Khairallah Khairallah

Published: Updated:

Feb. 14 marks the 11th anniversary of the assassination of former Lebanese prime minister Rafiq Hariri. Since his murder, not a year has passed without further exposing that the crime was not isolated from the Iranian expansionist project in the region.

This project, which includes Lebanon, has taken a new dimension since the 2003 U.S. invasion of Iraq.

American troops toppled the Iraqi regime without considering the repercussions. Then-U.S. President George W Bush handed Iraq to Iran on a silver plate. Jordan’s King Abdullah tried in Aug. 2002 to convince him to consider the consequences of invading Iraq, but in vain. The king was aware of the threat posed by Iranian control of Iraq.

Hezbollah

We are currently witnessing in Lebanon another episode in a series that began with Hezbollah’s refusal to give up its arms after Israel withdrew from the south of the country in May 2000, in compliance with U.N. Security Council resolution 425 of March 1978.

Those who think Hezbollah has given up its Iranian goals do not want to deal with reality. It did not participate in cabinets when Lebanon was under Syrian tutelage, only after Hariri was assassinated. It then solidified the concept of an obstructing vote in government, which has reached the current phase of blocking the election of a president.

Iran wants to manage Lebanese politics and control the country via legitimate institutions

Khairallah Khairallah

Iran considers Hezbollah’s military intervention in Syria as an essential part of its project in the long run, while another essential part relates to Lebanon in particular.
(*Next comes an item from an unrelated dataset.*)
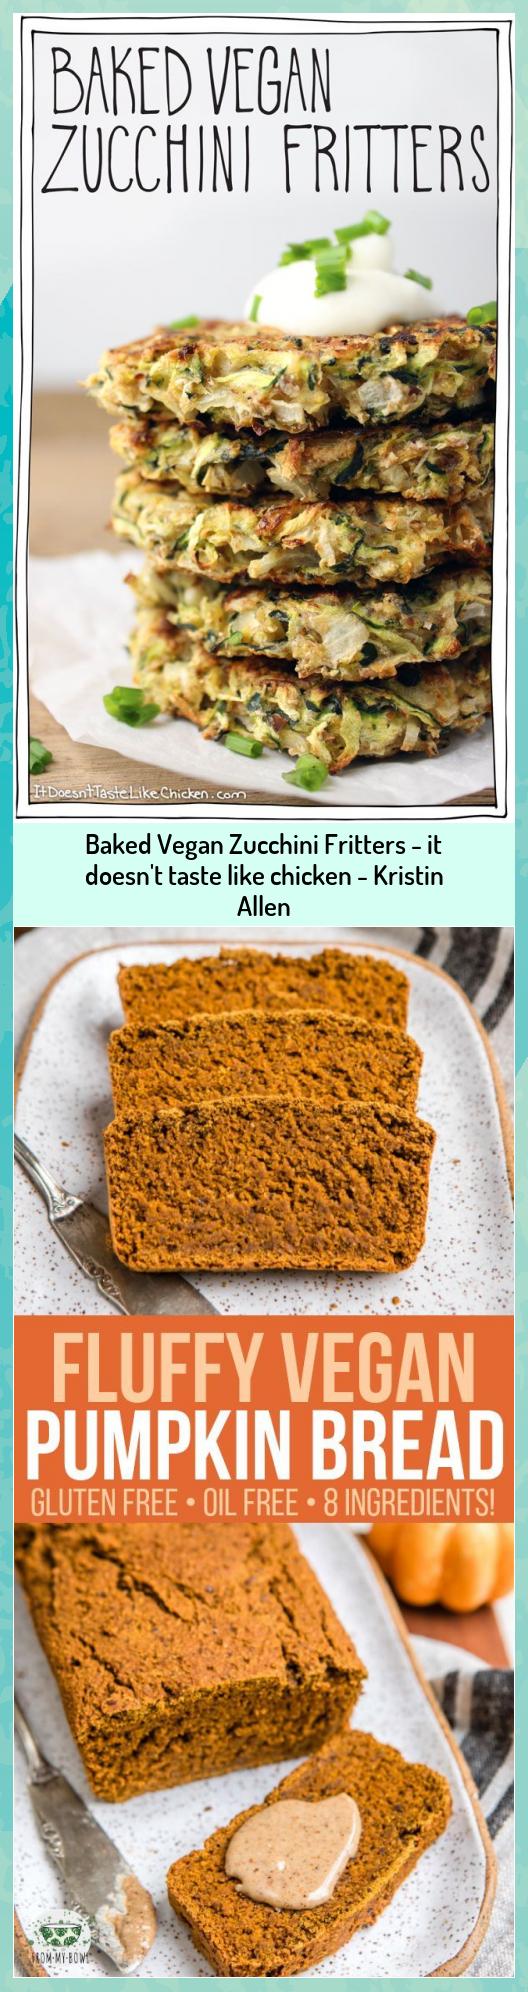 Baked Vegan Zucchini Fritters - it doesn't taste like chicken - Kristin Allen #Allen #Baked #Chicken #doesnt #Fritters #Kristin #Taste #Vegan #Zucchini

Since the assassination of Hariri, Hezbollah has been aiming to get rid of the Taif Agreement that ended Lebanon’s civil war.

Hezbollah Secretary General Hassan Nasrallah thinks time is on the side of the Iranian project, particularly because Syrian President Bashar al-Assad is still in power despite five years of conflict. Hezbollah thinks the balance of power that led to the Taif Agreement no longer exists. Moreover, many people inside and outside Lebanon think the agreement should have died with Hariri.

Iran wants to manage Lebanese politics and control the country via legitimate institutions, particularly the banking sector. It wants to hijack Lebanon, just as it did the Shiite sect. It wants a new electoral law that weakens the Sunni and Christian communities. The stances of Lebanon’s foreign minister resemble Iran’s.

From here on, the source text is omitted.